As part of our estate planning, I noted that I’m not particularly happy with two-factor authentication (2FA) via text message. I’m displeased with options provided by banks, and dubious of claims by any company, especially those not in the security business, claiming to protect my sensitive information – most recently protecting information meant for a Digital Executor. However, I should probably add a bit more context about why and my approach.
A Security Adjacent Career
I spent my entire professional career working in software sales to government customers. Mainly the federal government but some state and local governments as well. I spent time in mobile communications, encrypted voice apps, and cloud services.
I wouldn’t call myself a security “expert” but I do consider myself reasonably well versed in what can go wrong. Poorly implemented cryptography, lack of security controls applied by engineers, hacks targeting the federal government, synthetic identities, and social engineering using LinkedIn to name but a few. If you want some sense for yourself, have a listen to Darknet Diaries.
My view is that the internet is still the wild, wild, west and not getting much better. I believe most companies on the internet focus on speed to market with a product first, and security features being added as a distant afterthought and only if pushed. All too many think they can implement security features themselves including, unfortunately, rolling their own cryptography.
My Own Identity Theft Experience
I think most people have had their credit card number stolen at one point or another. This is just par for the course in our modern economy. And far too many companies have had security breaches where a database full of credentials have been stolen. In my case, I feel like I’ve experienced more than most (though much less than a very unlucky few).
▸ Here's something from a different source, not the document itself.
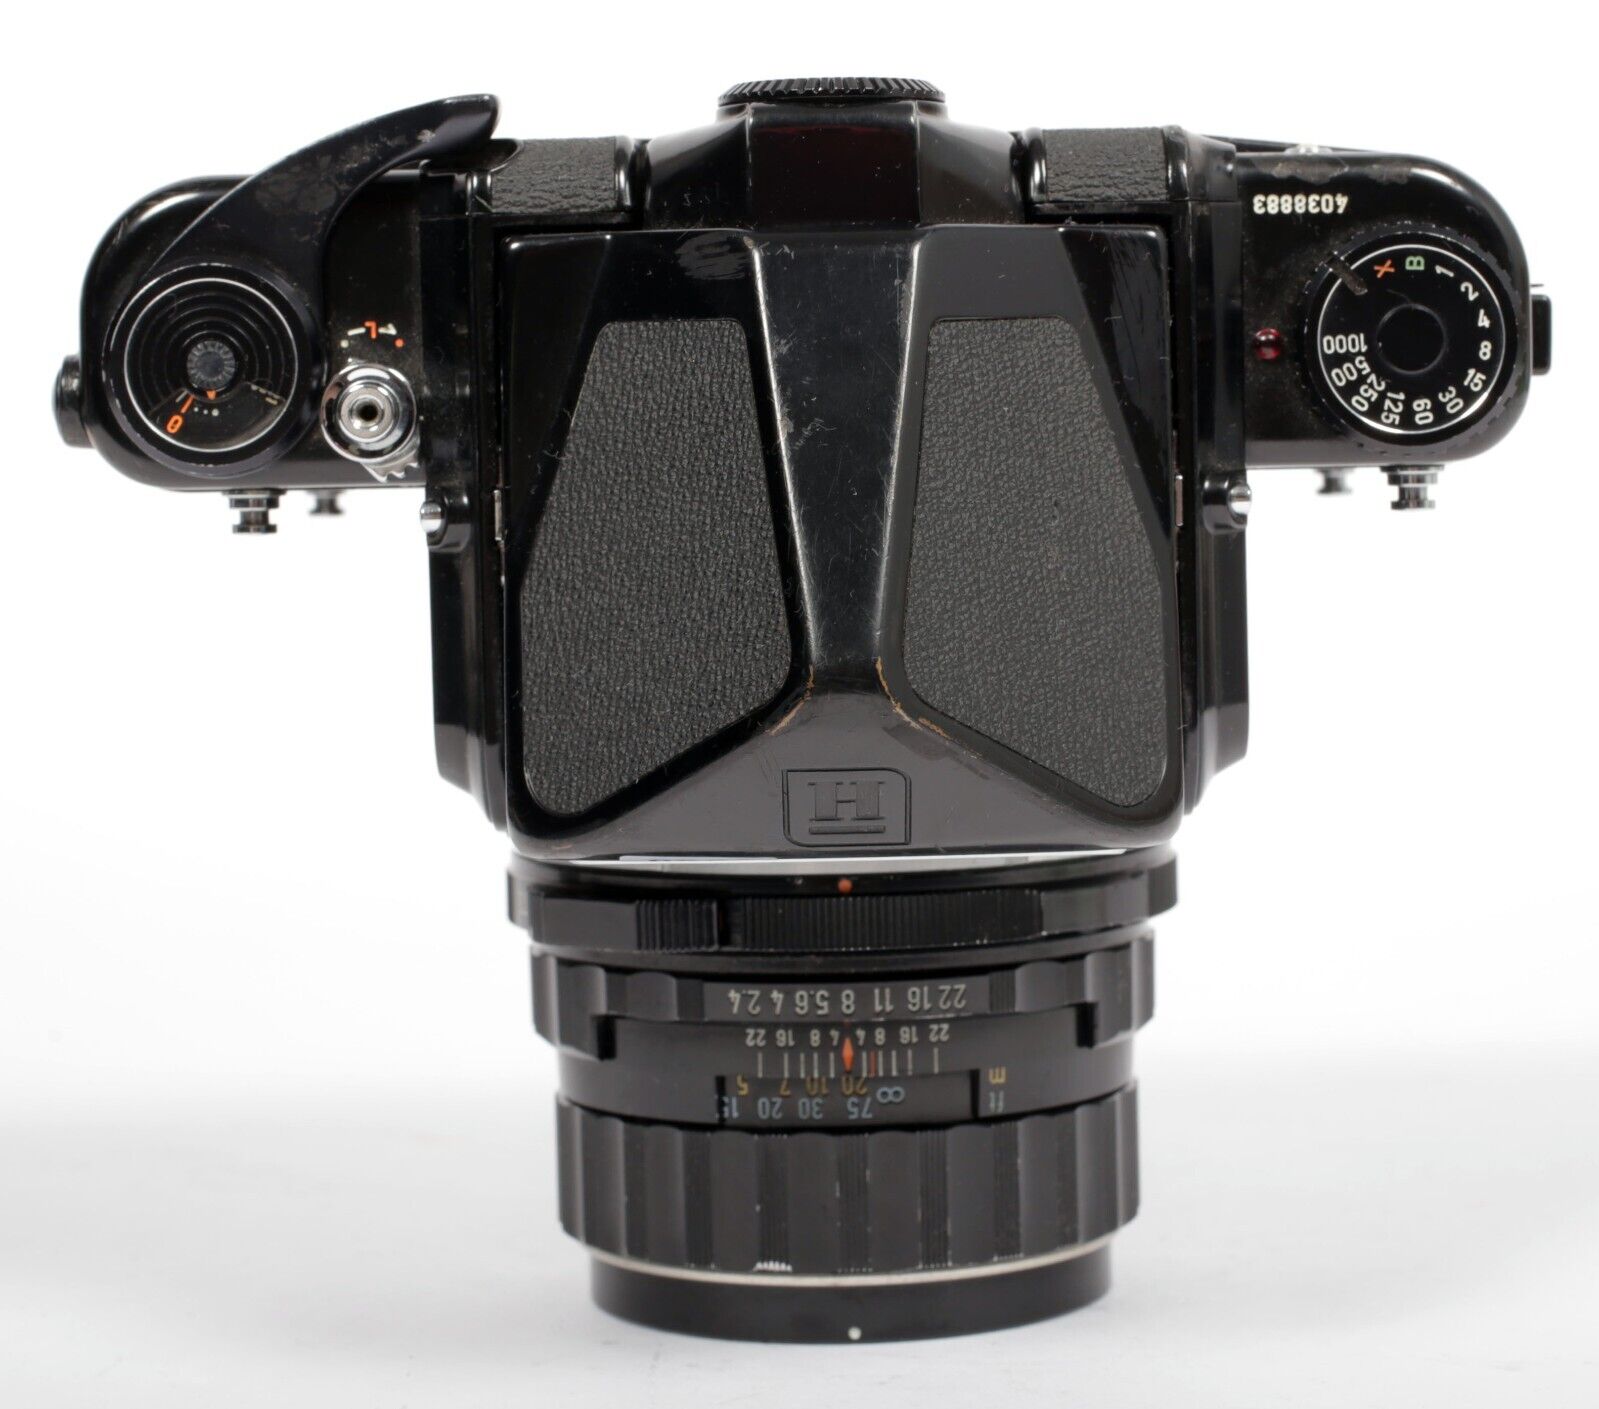 Pentax 6X7 camera with SMC 105mm F2.4 lens #8900 | CatLABS

I’ve had my data stolen in two specific instances that caused me to zero in on security.
2015 OPM Breach
During my time supporting the federal government I carried a clearance. This information was, at the time, collected and secured by the Office of Personnel Management (OPM). There is a ton of information about you stored in this process. Years of prior address and phone number data, information about your immediate and extended family, social security numbers, and lots more. In 2015 OPM had a very large breach with millions of records taken, including my own. As a result, I had government paid-for, identity monitoring for over 10 years.
Was this information sold or used against me? Does it simply sit with a state actor, or it might have been sold on the dark-web, I’m not sure.
2019 Capital One Data Breach
In 2019, a misconfiguration at Capital One left a massive amount of customer data at risk. This information, stored on Amazon Web Services, was attacked and stolen by a former AWS employee. This theft was particularly damaging as it contained credit application data from 100 million people! Again, I was a victim of another large data breach. The data included my name, email, address, and phone number. This data theft absolutely impacted me.
In this case, someone walked into a Verizon Store (or authorized reseller, I don’t know which), having my phone number, address, email address, and more. They convinced the clerk that they were me and had lost their phone. The rep was “kind” enough to port my phone number over to the new phone that the thief had brought with them. This is the classic SIM swap attack. Now the thief had control of my calls and text messages. They then proceeded to try to take over my credit cards and who knows what else they would have tried. They tried to change email addresses, and were able to change the mailing address. I caught it relatively quickly when I realized I could no longer make phone calls and drove to my local Verizon store.
I’ve been living with the fallout for years since. I’m paranoid every time my phone appears not to voice or data service. And, every so often someone attempts to takeover my SIM again and/or open new accounts in my name. I worry more about a thief somehow gaining access to bank or IRA accounts.
How I Approach Security Now
I generally don’t trust anyone, corporate or government alike. However, I do realize that getting off the internet isn’t an option. Even if I don’t use online accounts, these companies or governments will have my information online. That’s just how the world works these days.
- I’ve changed mobile carriers and abandoned the phone number I had for 20+ years. Yes, this was a huge pain, but the phone number exposed in so many data breaches doesn’t connect to me or my accounts any longer.
- I limit where I give out my new phone number and use a Google Voice number for everything else.
- I’ve got a separate email address for important financial accounts. Not my primary email that I’ve used for years. I only use it for about 6 accounts total and this email is locked down hard including multi-factor authentication that does not allow SMS for the second factor.
- I use a password vault and always use as complex a password as I can. Up to 99 characters if supported.
- Where possible I’ll use an entirely random username too.
- Our credit is frozen with all the major credit agencies, as well as the secondary ones you’ve likely never heard of, and every year I flag my credit file for suspected fraud.
It’s like the joke/saying: “How do you outrun a bear? You don’t, you just run faster than the guy next to you.”
In my case, the hope is these steps have made me a significantly harder target than most of the population, encouraging a hacker/thief to move on to someone else. Note, these steps do come with downsides though. While it increases the friction for a hacker or thief, it also increases the friction for us. We’ve had problems establishing new bank accounts online without physically showing up and providing multiple identity documents. We also periodically have to unlock our credit files for short periods to make changes or prove identity. It’s not just the banks that utilize the credit agencies for vetting identity.